Они остановились у ворот нового кладбища, мимо которого проскочили, торопясь выбраться за кольцевое шоссе. «Новым» оно называлось, поскольку существовало всего лет пять или шесть, старое было «перенаселено», там хоронили по специальному разрешению, создавая на центральной аллее, украшенной мрамором и гранитом, подобие Пантеона. Здесь же, в нескольких метрах от дороги, тянулась глухая, из бутового камня стена. В разрыве стены поднимались массивные, похожие на крепостные, ворота с калиткой, в них упирался отросток дороги с площадкой для стоянки машин и катафалков. Сергей недо уменно смотрел вслед Федорову, который вышел из машины и направился к распахнутой настежь калитке. В отличие от своей обычной, с легкой развалочкой, быстрой походки, молодившей его, сейчас он ступал медленно, словно при каждом шаге пробуя землю на прочность.

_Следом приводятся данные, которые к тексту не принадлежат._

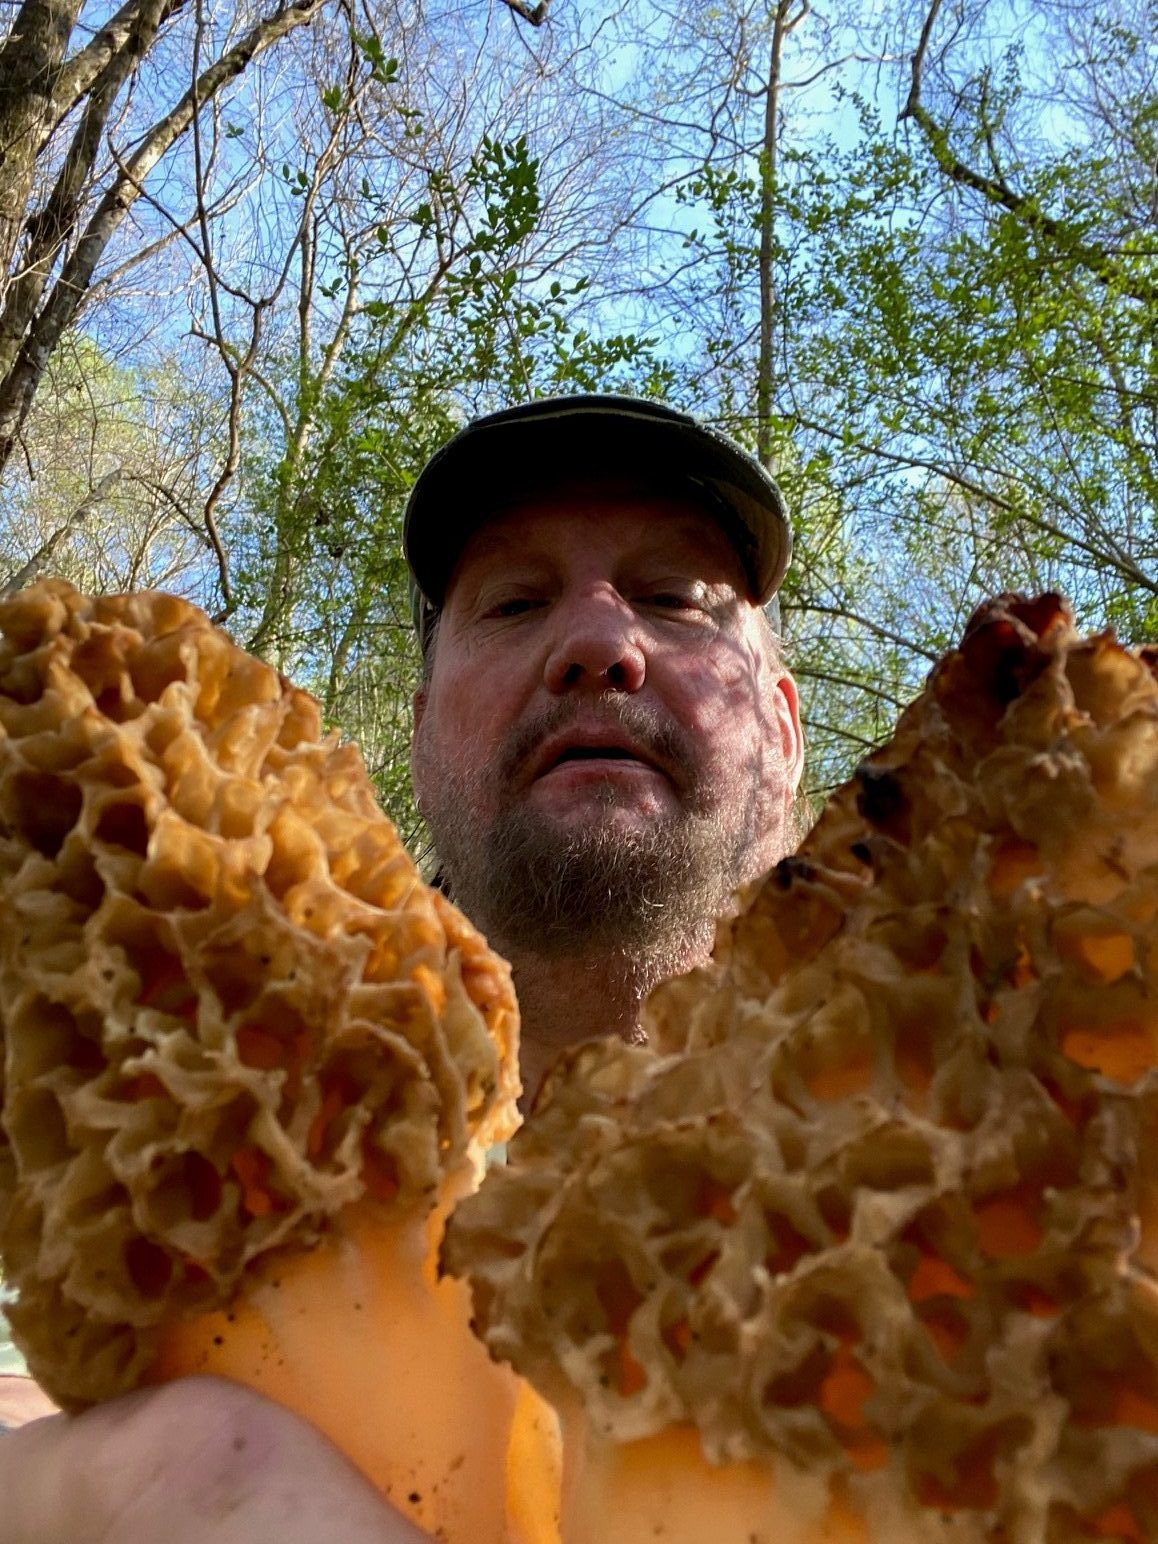 Morel Mushrooms Season Michigan
 Chris discusses the 2020 morel mushroom season The

День был на исходе, за воротами на скамейке подремывал старик, вероятно, кладбищенский сторож, несмотря на теплынь, в валенках с калошами. Поблизости виднелся деревянный домик с верандочкой, увешенной щитами с цифрами-показателями,— должно быть, контора. Но Федорову повезло. «Летчик?..— встрепенулся старик, поднимая на Фёдорова красные воспаленные глаза.— Это которого порезали, што ль?.. Эвон лежит, недалеко... Ероплан у него на могилке, сразу приметишь...»
Странное дело, теплынь, разлитая в воздухе, и томление по-весеннему сыроватой, но уже прогретой солнцем земли — все осталось позади, по ту сторону кладбищенской стены. Федорова продрал озноб, словно между толпящихся, жмущихся один к одному крестов, звездочек, между отлитых из цемента надгробий и каменных плит гулял сквозной ветер и от самой земли тянуло холодом. Не оттого ли старик отогревается в валенках?.. «Летчик... Это которого порезали, што ль?..» Как все просто!..— думал Федоров, шагая по неширокой, выложенной кирпичом дорожке.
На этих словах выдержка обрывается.